Erano le 20.30 quando fra i due, che viaggiavano all’interno del proprio Chrysler Voyager, all’improvviso è scoppiata una furibonda litigata. L’uomo avrebbe minacciato di morte la donna, colpendola poi in testa con il martello, un grosso arnese da carpentiere lungo ben 44 centimetri che il cutrese teneva sotto il sedile dell’auto. La donna, in un estreme tentativo di difesa, è riuscita a scendere dall’auto, gettandosi sull’asfalto e venendo soccorsa da alcuni passanti, mentre l’auto si è data alla fuga. Immediato l’intervenuto del 118, che ha trasportato la donna al Pronto soccorso, e dei un equipaggio della Stazione dei carabinieri di Soresina, capeggiati dal maresciallo Ornella Celletti, vice Comandante della Stazione. Dopo aver raccolto i primi elementi utili, i carabinieri della compagnia di Cremona, guidati dal capitano Rocco Truda, hanno diramato le ricerche su tutto il territorio provinciale con un equipaggio di Soresina, Cremona, Casalbuttano e la Radiomobile, oltre agli equipaggi di Crema e Casalmaggiore (a cui erano state diramate le ricerche). Determinante per il successo delle ricerche, l’ottimo lavoro di coordinazione svolta dagli uomini presenti in Centrale Operativa di Cremona, personale che lavora in silenzio, nell’ombra, ma che spesso e volentieri si rivela determinante nella risoluzione di un caso.

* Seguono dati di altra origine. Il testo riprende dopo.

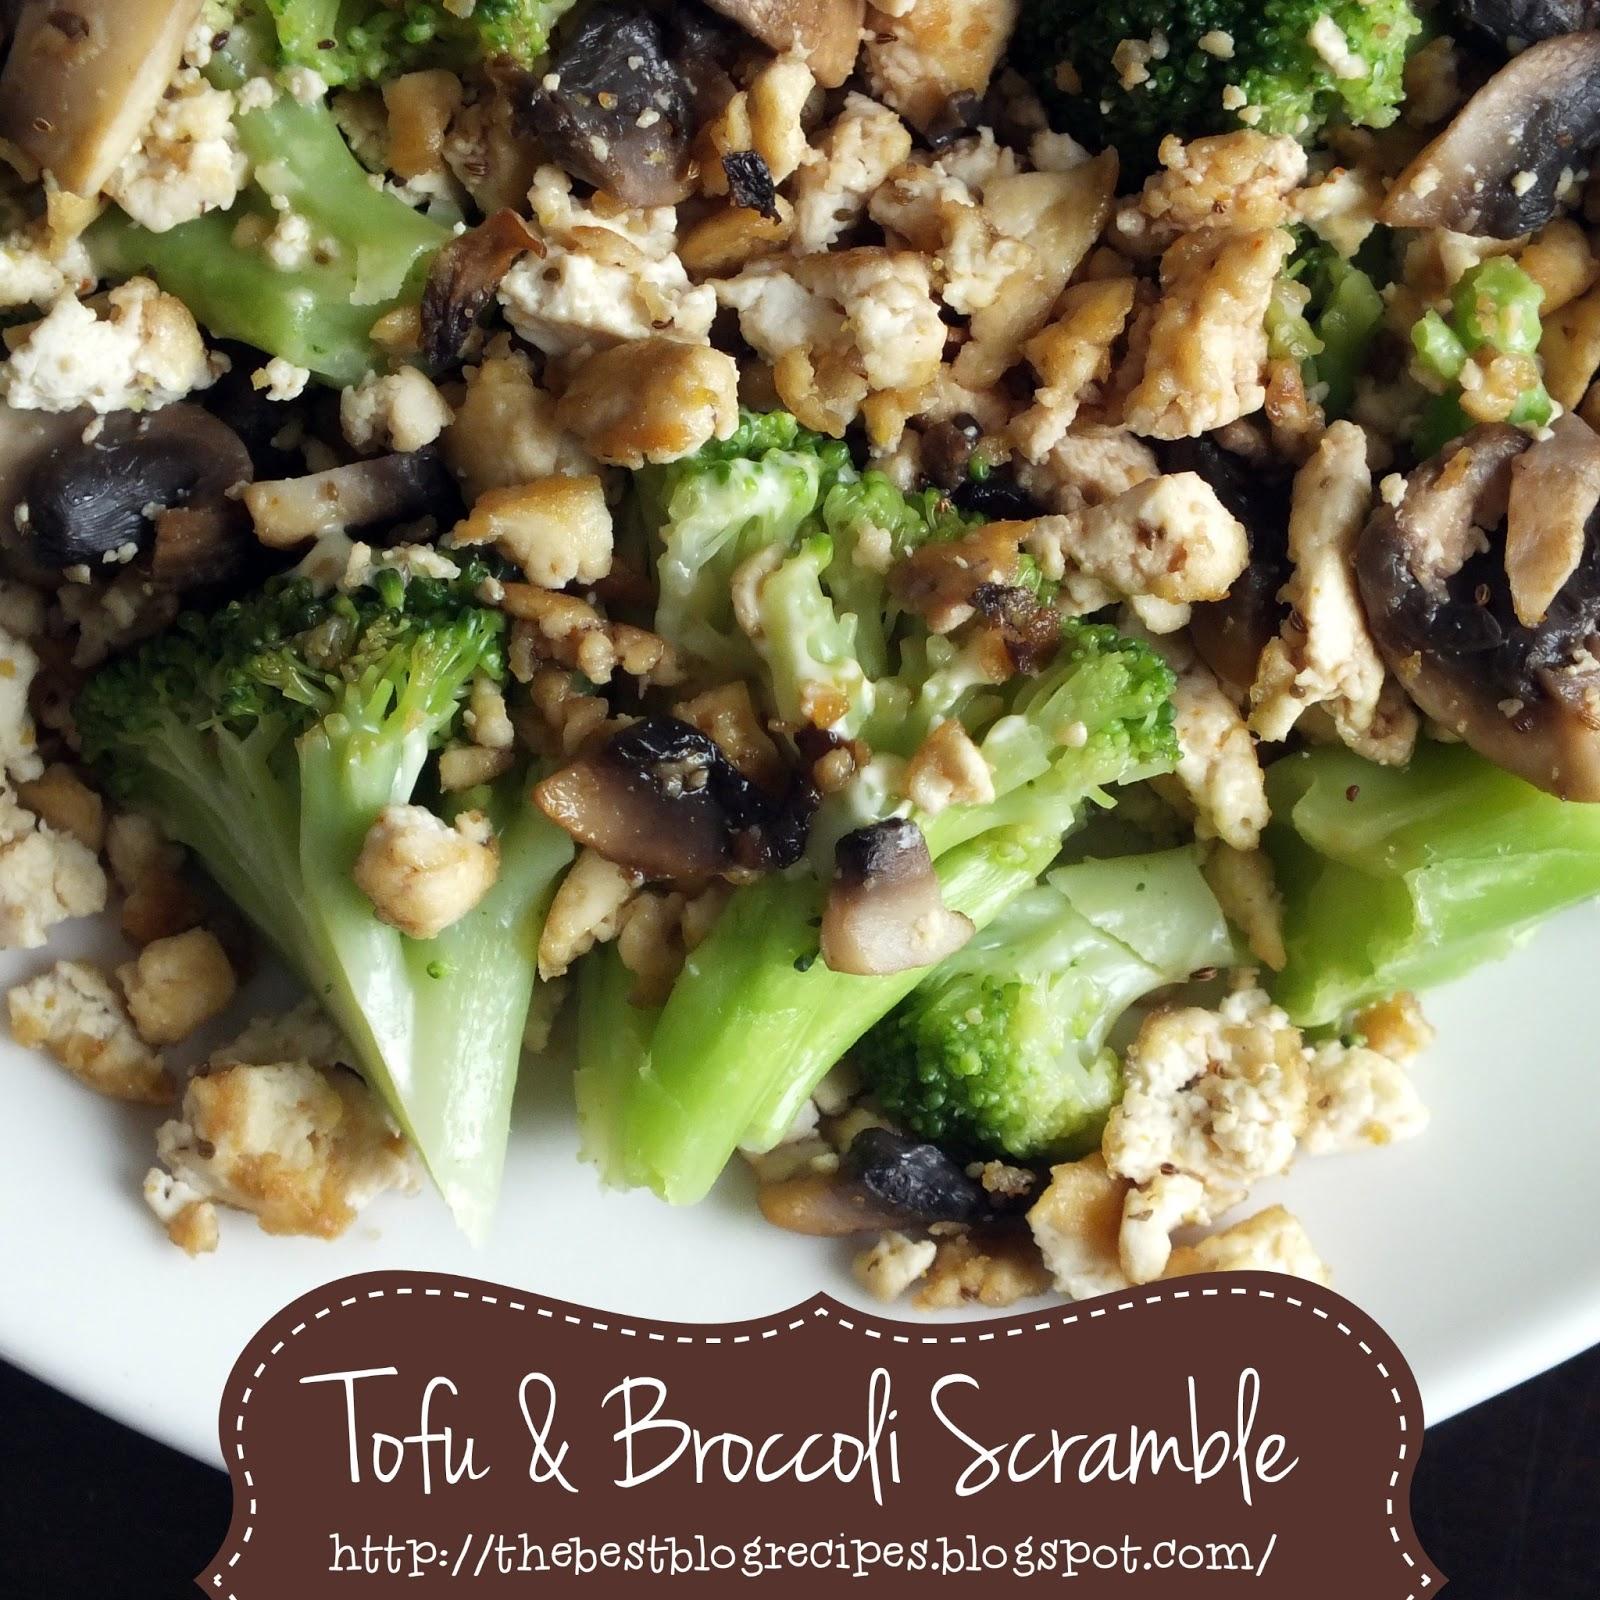 Here's a super yummy Tofu & Broccoli scramble that

E difatti la segnalazione di un sospetto “su e giù” lungo la Via Brescia, giunta proprio in Centrale, di un veicolo modello Voyager, ha indirizzato i militari sulla strada giusta. Tesa la trappola, l’uomo è incappato in un posto di blocco allestito in fretta e furia sul rondò di Olmeneta ed è stato bloccato e poi arrestato. In macchina gli è stato trovato il martello che è poi stato sequestrato come arma del delitto (foto del Mar Celletti col martello).
Per l’uomo, che secondo il racconto della moglie ai militari è stato scarcerato da circa un mese e mezzo ed ha alle spalle un pedigree che conta bancarotta fraudolenta, emissione di assegni a vuoto, droga, furto e ricettazione, la direttissima si è svolta stamattina. Alla donna è stata invece diagnosticata una decina di giorni di prognosi.